This is an incredibly complex and at first somewhat puzzling story. In interpreting it, it’s such a labyrinth of symbolic interweaving that it’s hard to know where to start. However, our task becomes much easier when we realize that the multiple narrative stages and nested levels of meaning all fractally represent the same underlying pattern. When we discover this pattern, we can then see how it radiates outward, pervading the story’s every twist and turn.
What exactly is this pattern then? Interpreting the symbolism of Sir Gawain and the Green Knight has challenged people for centuries; there certainly isn’t a unified understanding of its meaning. 4 This being the case, the interpretation I’ll present here is far from anything I can claim to be definitive. However, I think it’s on the right track. The way I see it, the story is essentially a Medieval incarnation (with a few added undertones) of the central Christian mythos: the fall of man and his redemption by Christ. Mankind, having eaten the forbidden fruit, has gained the knowledge to lift himself out of nature. However, he’s done this under the influence of Satan—the cosmic force which artificially asserts itself as God’s equal—and has thus committed original sin. Expelled from the garden, he propagates the stain of the Eden event into the future as the sin of humanity to come. While man must accept that sin is a part of him, Christ has redeemed the fall, offering humanity the path away from primeval chaos and toward God.
The most important thing to understand about the way the symbolism in this story works is that there are no isolated symbolic images. Rather, every symbolic element is given multiple levels of expression which represent the transformations of cosmic principles through different levels of reality and different stages of time. For example, the figure of the Green Knight, the green girdle, and the nick Gawain receives on his neck are all manifestations of man’s position in relation to God and the world. The Green Knight, representing the garden, becomes the green girdle—original sin (eating of the forbidden fruit); which in turn becomes the nick—the eventual deliverance of man from sin. In this tripartite symbol of transformation, we’re shown humanity first blissfully embedded within the world, then alienated from it, and finally finding harmony within it again on a higher level, through Christ. Thus, these three intuitively but not outwardly related symbolic elements form a subtle through-line from man’s fall to his salvation.

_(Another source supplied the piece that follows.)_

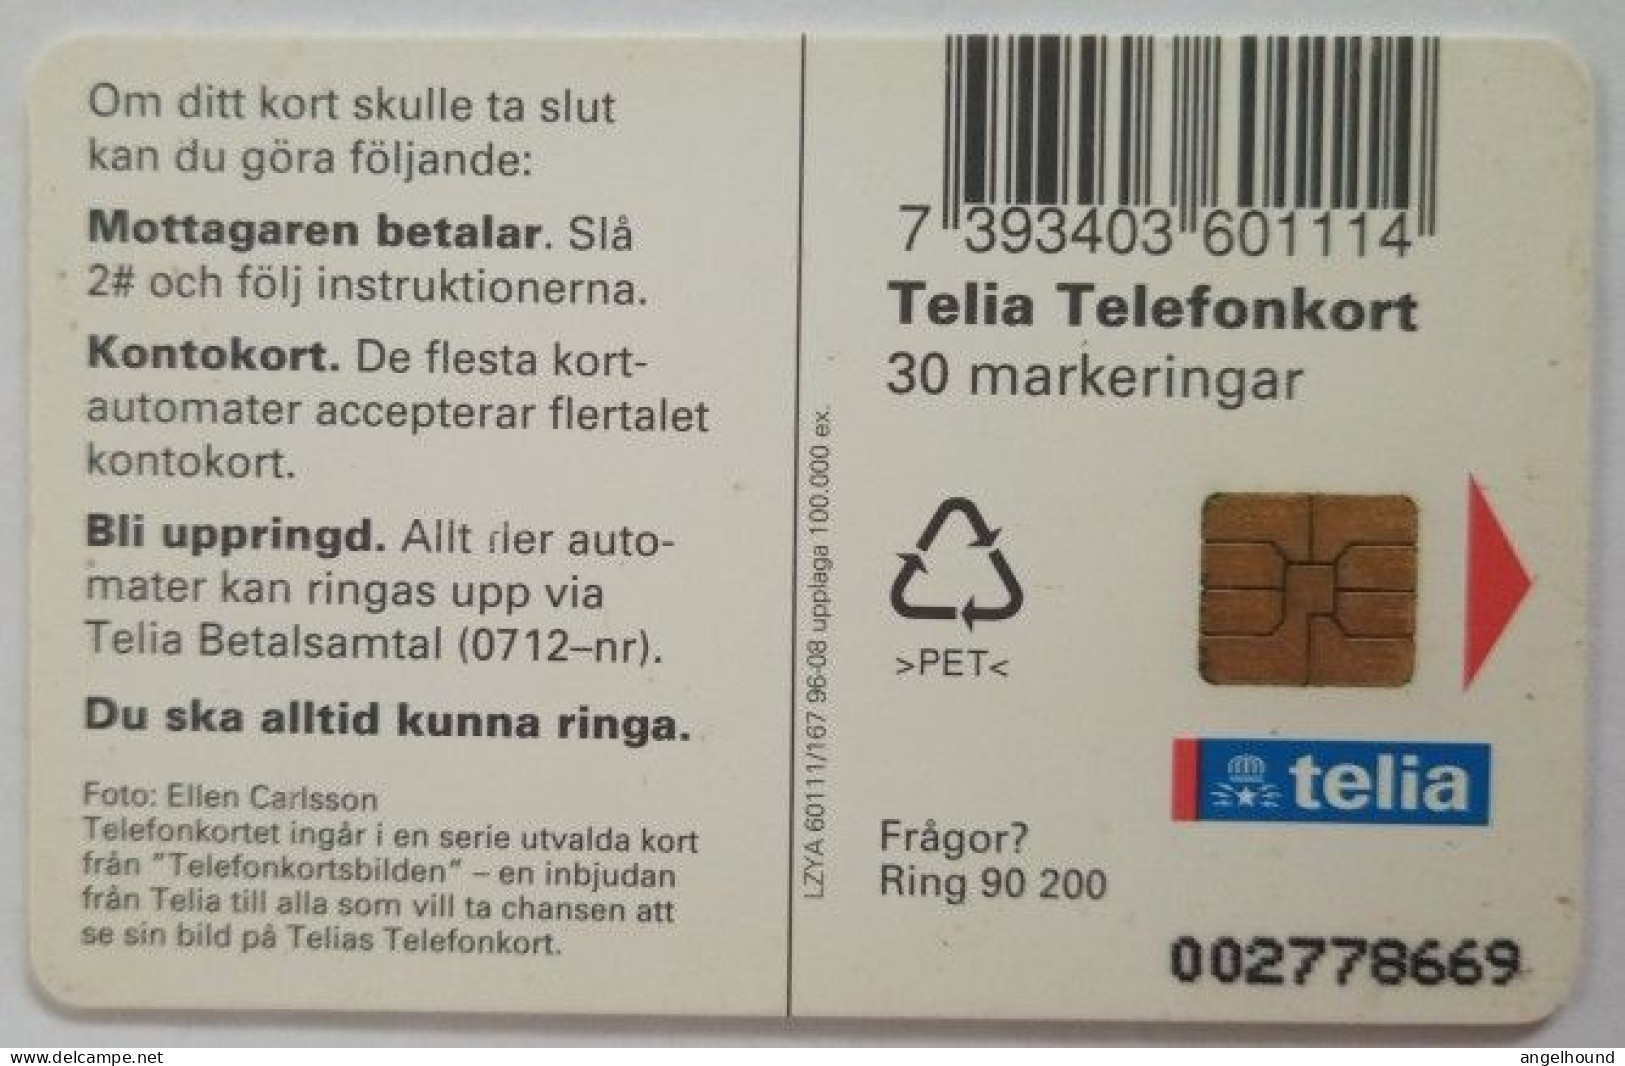 Sweden 30Mk. Chip Card - Bird 4 Tawny Owls - Strix Aluco Owls - Svezia
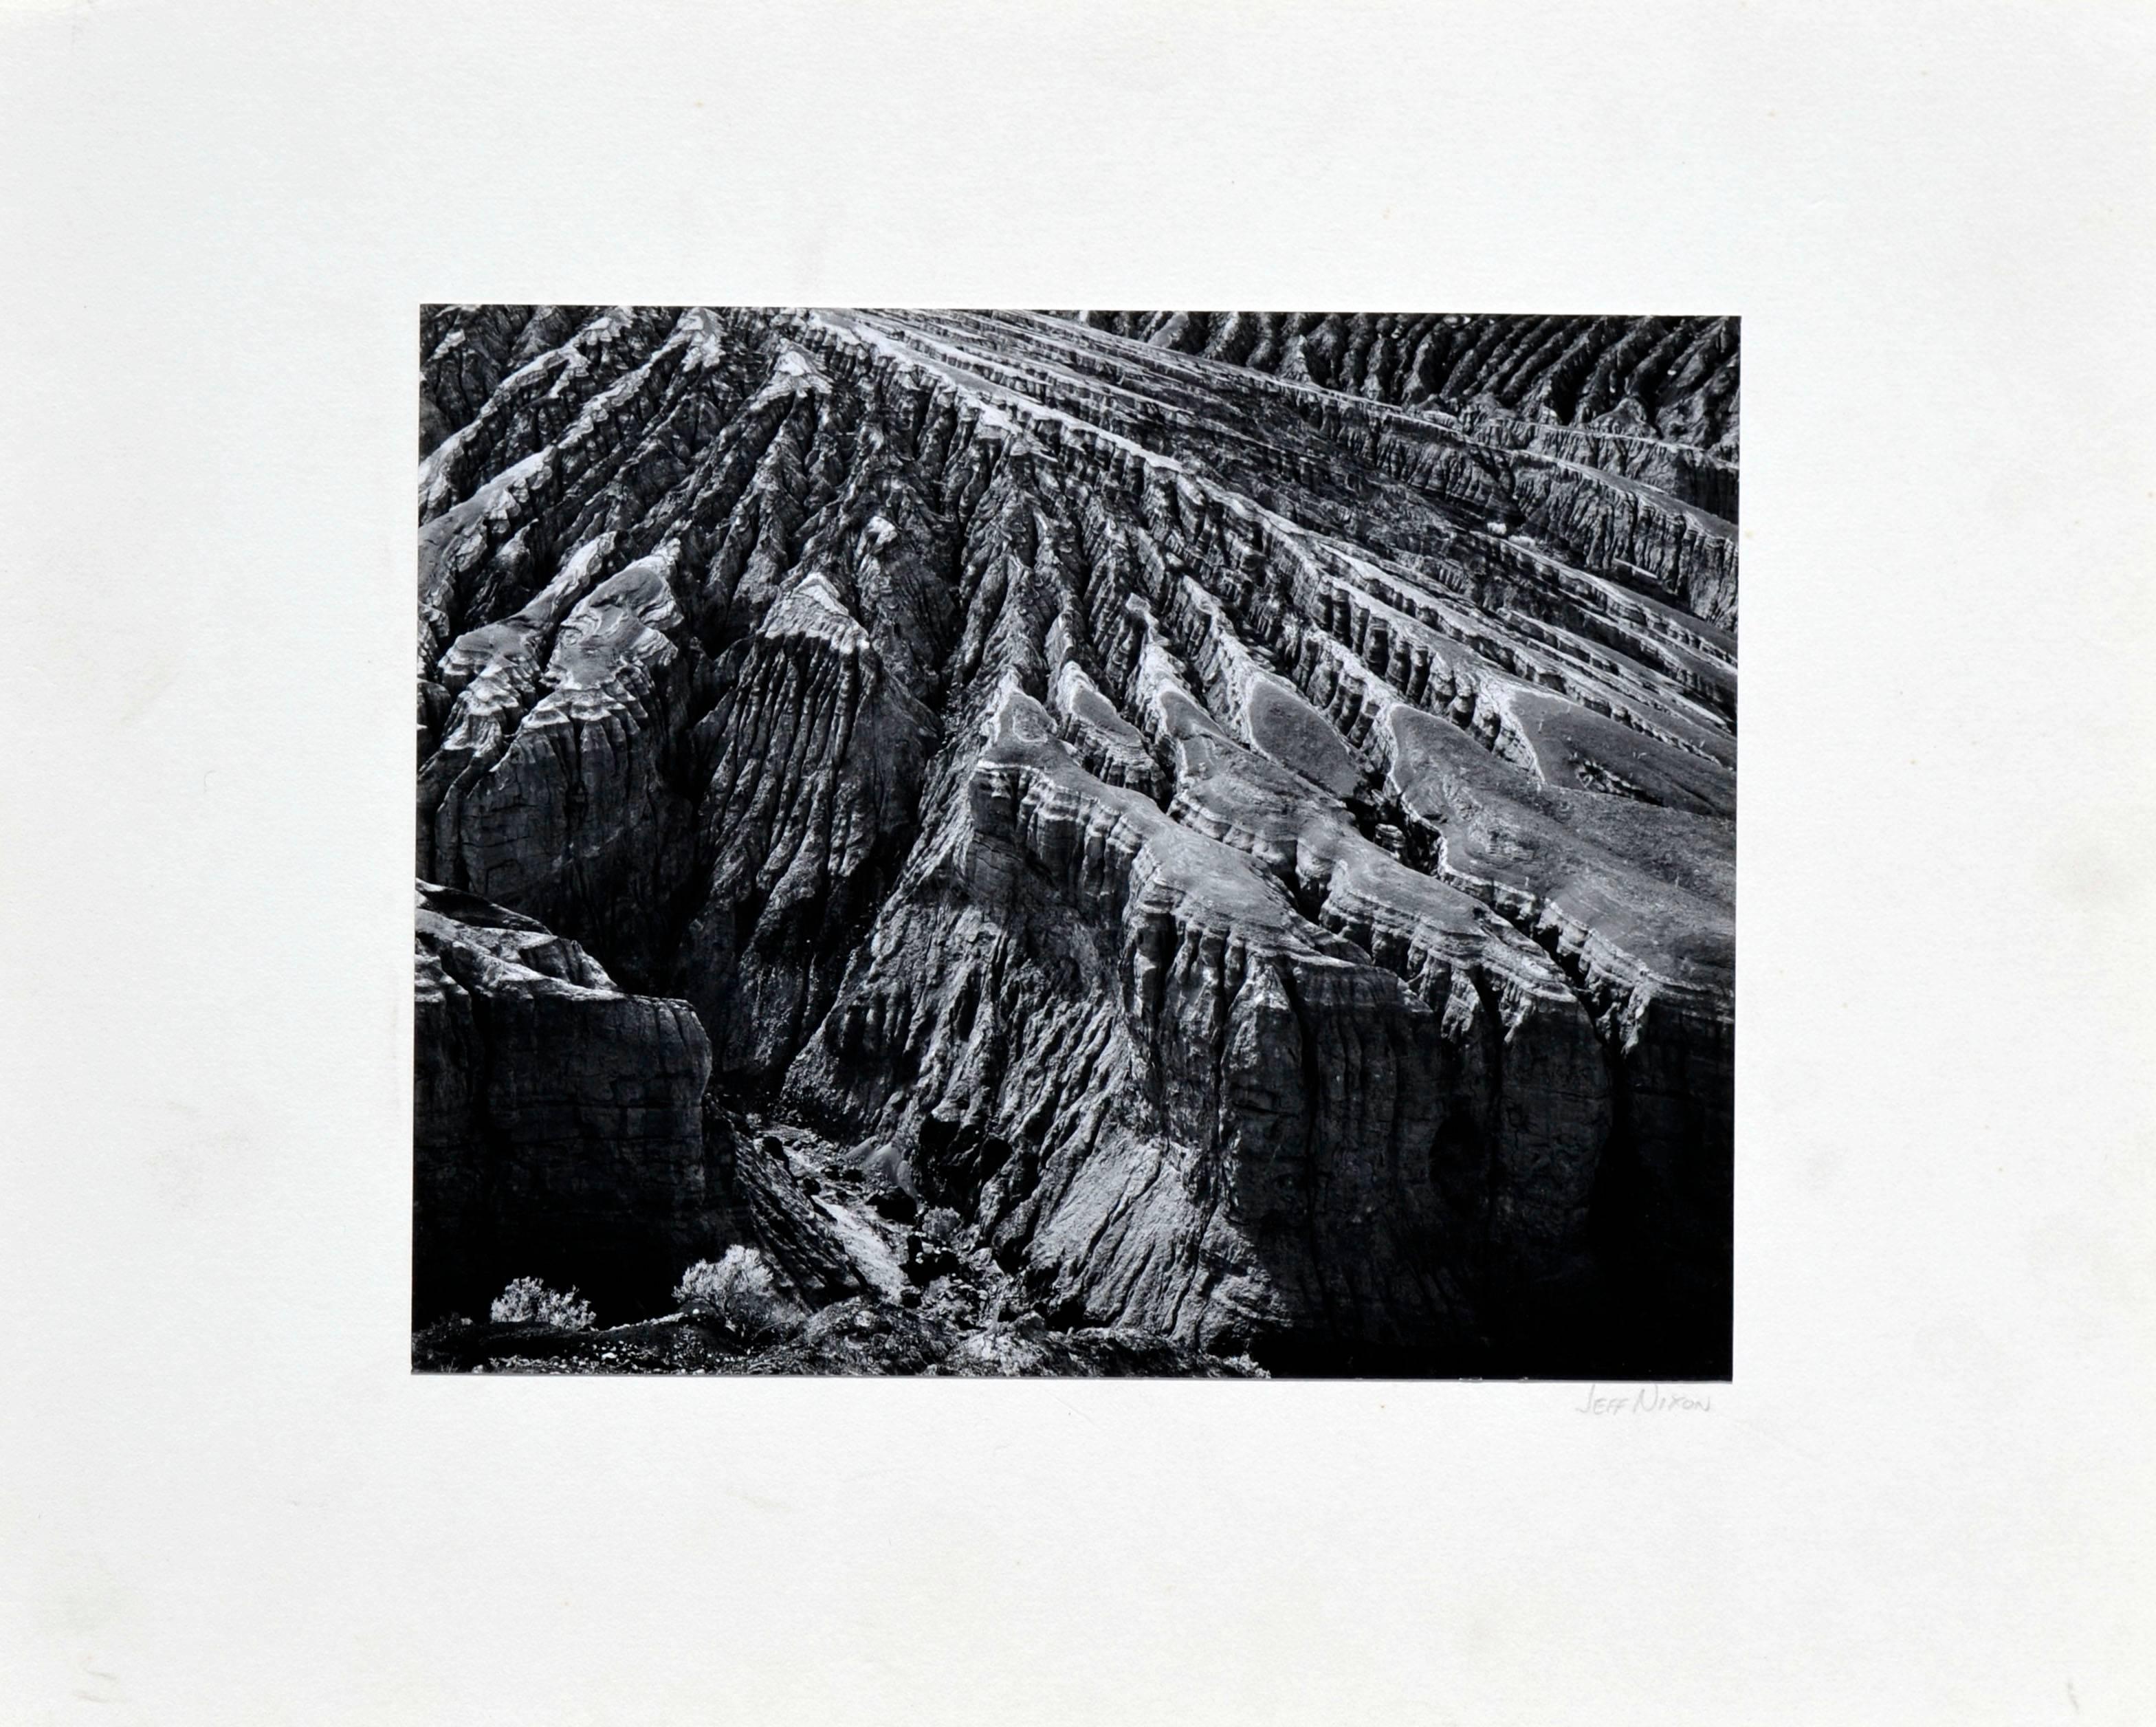 Jeff Nixon Landscape Photograph – "Yeow! Point, Death Valley“ – Abstrakte Schwarz-Weiß-Landschaftsfotografie

The true genius of the story shines through when we consider the particular way the poem’s author shows us that we’re dealing with one pattern applied to different levels of reality. He does this through what would otherwise be puzzling references to the time of the year. The Green Knight appears on New Year’s Eve. Sir Gawain reaches the castle almost a year later on Christmas Eve. He then receives his nick on New Year’s Day. As Jonathan Pageau points out in his video analysis of the poem, New Year’s represents both an end and a beginning—the end of the previous year and the start of a new cycle. 5 Over the course of the story, an entire year cycle is completed, thus indicating to the reader that we’re dealing with cyclicality, not just in a temporal sense, but in a sense of cosmic scale: the cyclical recurrence of pattern at different levels of being. These temporal landmarks coincide exactly at the points where one level within the story gives way to the next.
At the same time, the cyclical transition point indicated by the New Year signifies an epochal transition, a fundamental split in broader time. Gawain’s decapitation of the Green Knight symbolizes a cutting off from the natural order, the historical transition of humanity into an ontologically different mode of existence, at the time of the fall. That Gawain must receive a compensatory blow a year later indicates that nature is inherently poised to take the world back from man. This is what is “expected.” In the normal order of things, so to speak, opposing forces follow the pendulum swing of causal necessity, thereby maintaining a kind of equilibrium. Cutting off the head of nature should ostensibly result in having the blow returned in kind to man. Man does though possess the knowledge of the forbidden fruit and has therefore risen partially above this tendency toward strict causal balance. 6 He’s left the stasis of paradise and entered the forward thrust of history. The simple cyclicality inherent in nature has become an ascending spiral in man, which in turn acts as a bulwark against nature’s entropic encroachment. Even still, humans are tainted beings. Sin continually leads us backwards in various ways toward the brink of chaos. It looms over us, causing us to cyclically recapitulate and ramify the Eden event into the future. So man’s godlike knowledge alone doesn’t offer him total protection against the threat of primordial instability. It’s Christ who is the final salvation. Christ reveals the true pattern of reality, thus absolving humanity from sin. So the Green Knight doesn’t lob the head off Sir Gawain. He can’t because through following Christ, man is protected against being wholly reclaimed by the spectre of the fall. He’s entered a new era. Hence the mere nick from the Green Knight’s final swing.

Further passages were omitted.